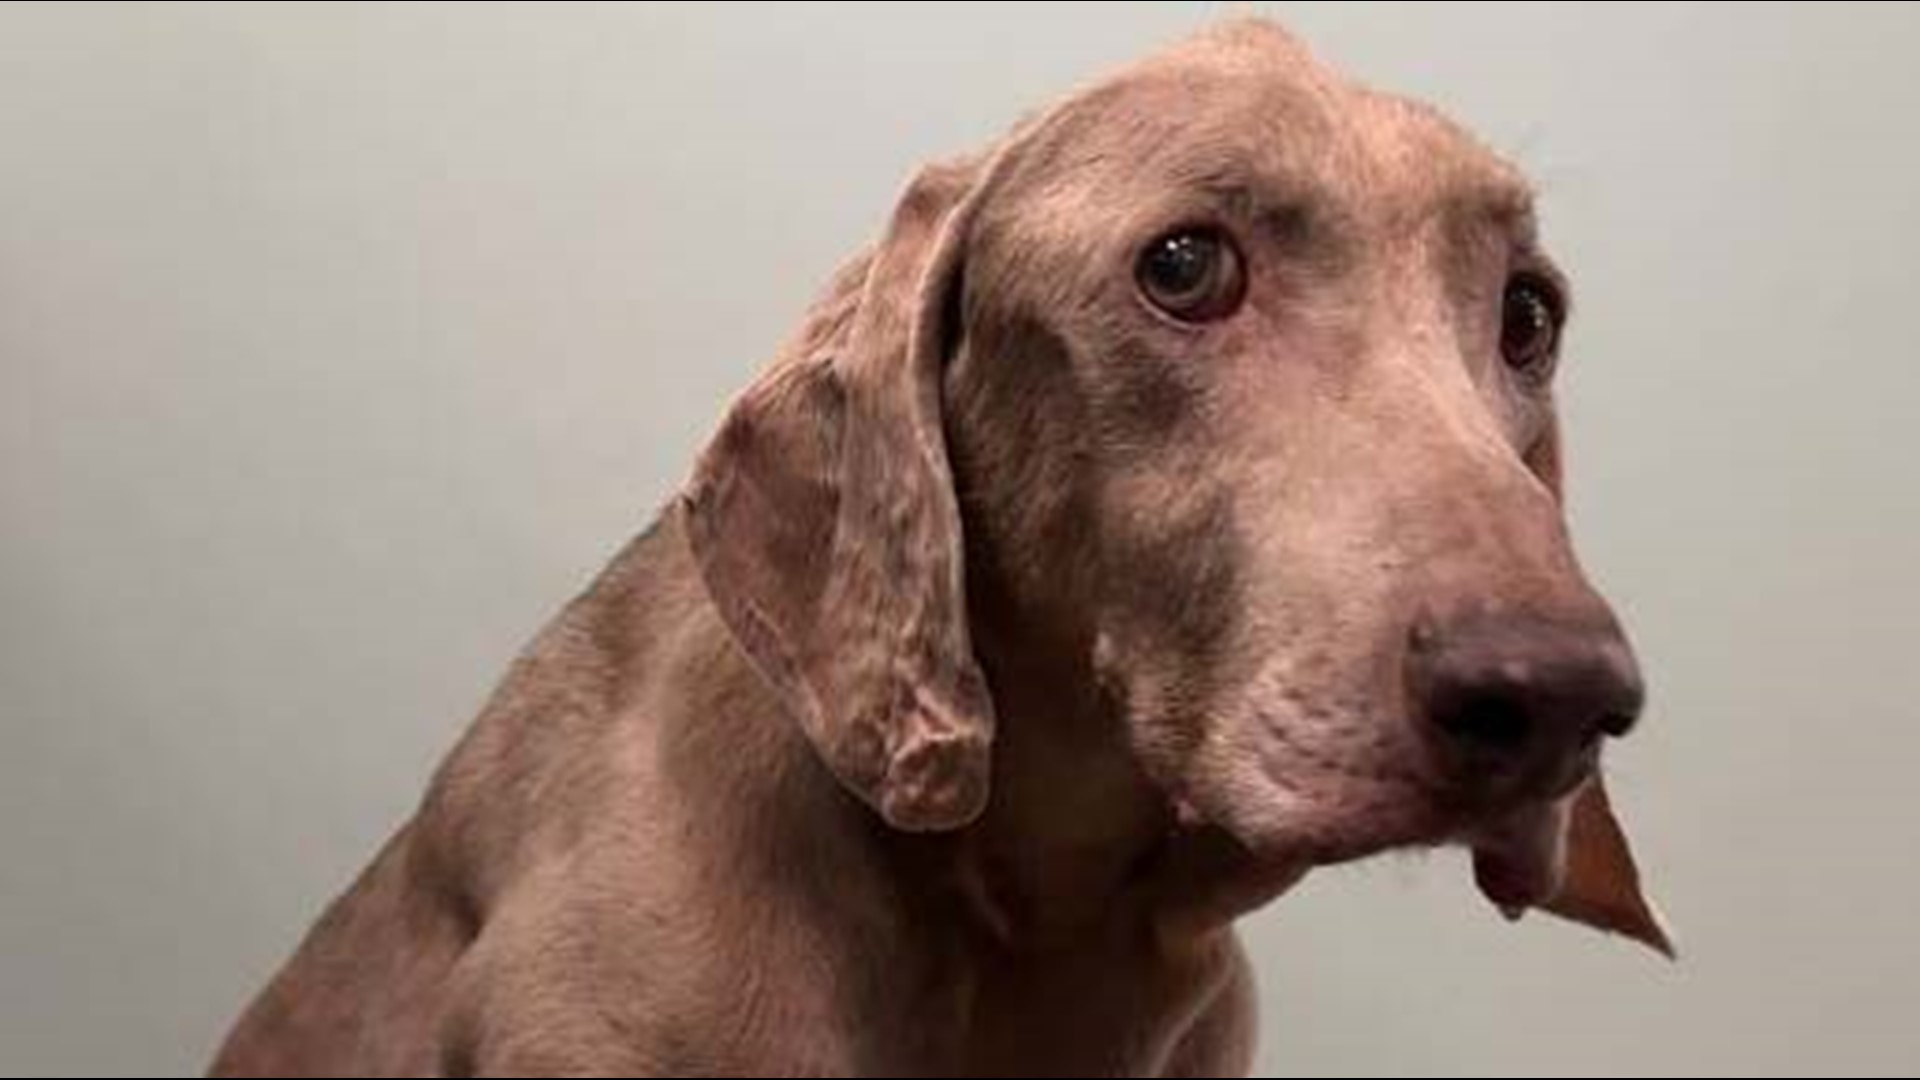 Dax had been with his previous owners for nearly two decades so he was understandably sad and confused when they gave him away.
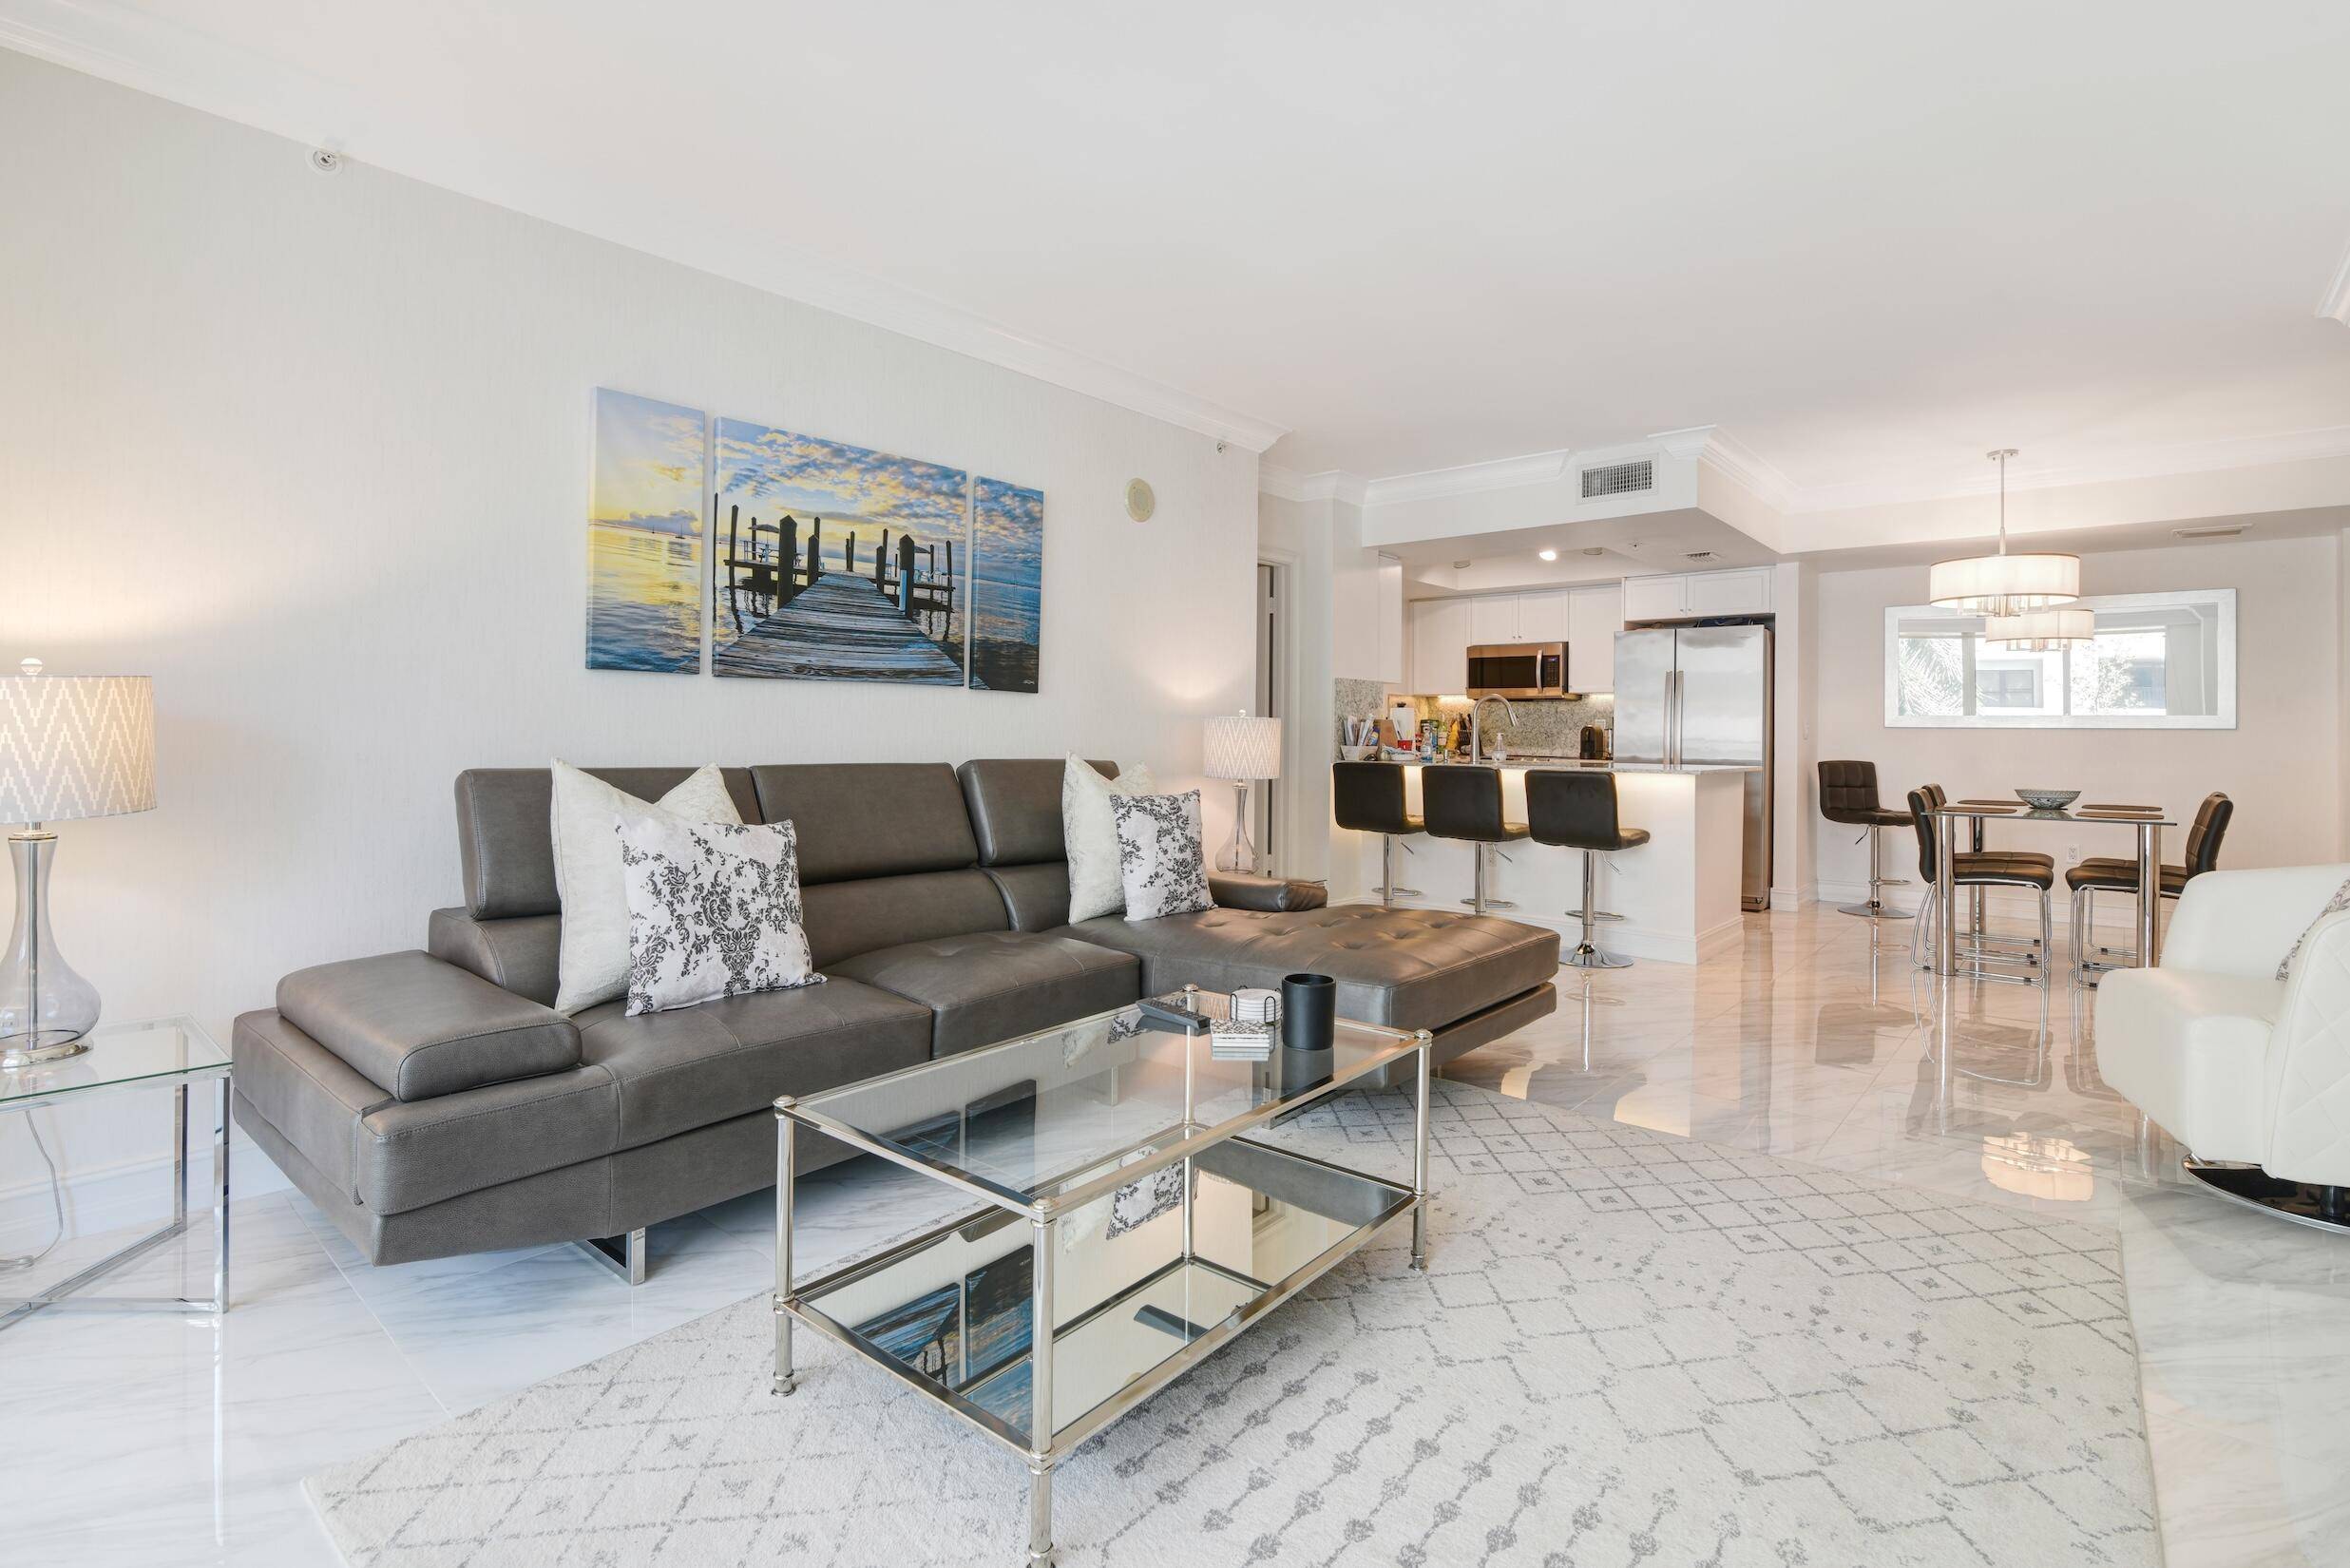 Absolutely perfect 2BR 2BA fully furnished condominium in the prestigious Palmetto Place, this residence offers a sophisticated urban lifestyle with split bedrooms, open white kitchen and porcelain floors throughout.
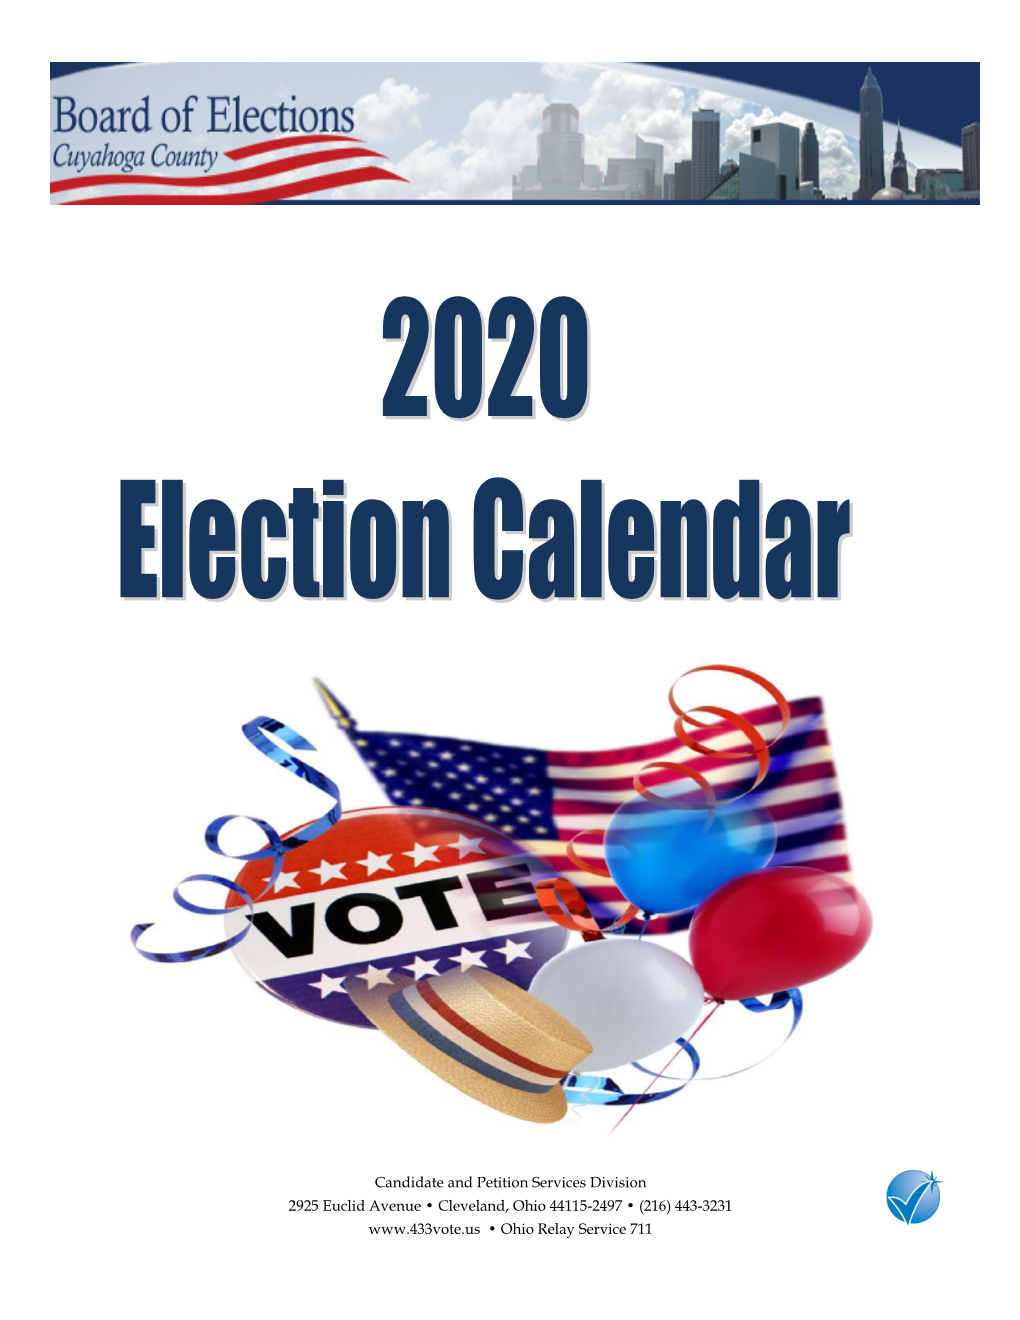 General Election Is March 16, 2020 (Day Before the Primary Election)
···
* _YOUR OBJECTIVE_:
Your copy should hold only the lines running from the one that contains "Absolutely perfect 2BR" through the final line of the data; transcribe them exactly, both ends included, and leave pictures out.

* _RESPONSE_:
 Absolutely perfect 2BR 2BA fully furnished condominium in the prestigious Palmetto Place, this residence offers a sophisticated urban lifestyle with split bedrooms, open white kitchen and porcelain floors throughout.
 General Election Is March 16, 2020 (Day Before the Primary Election)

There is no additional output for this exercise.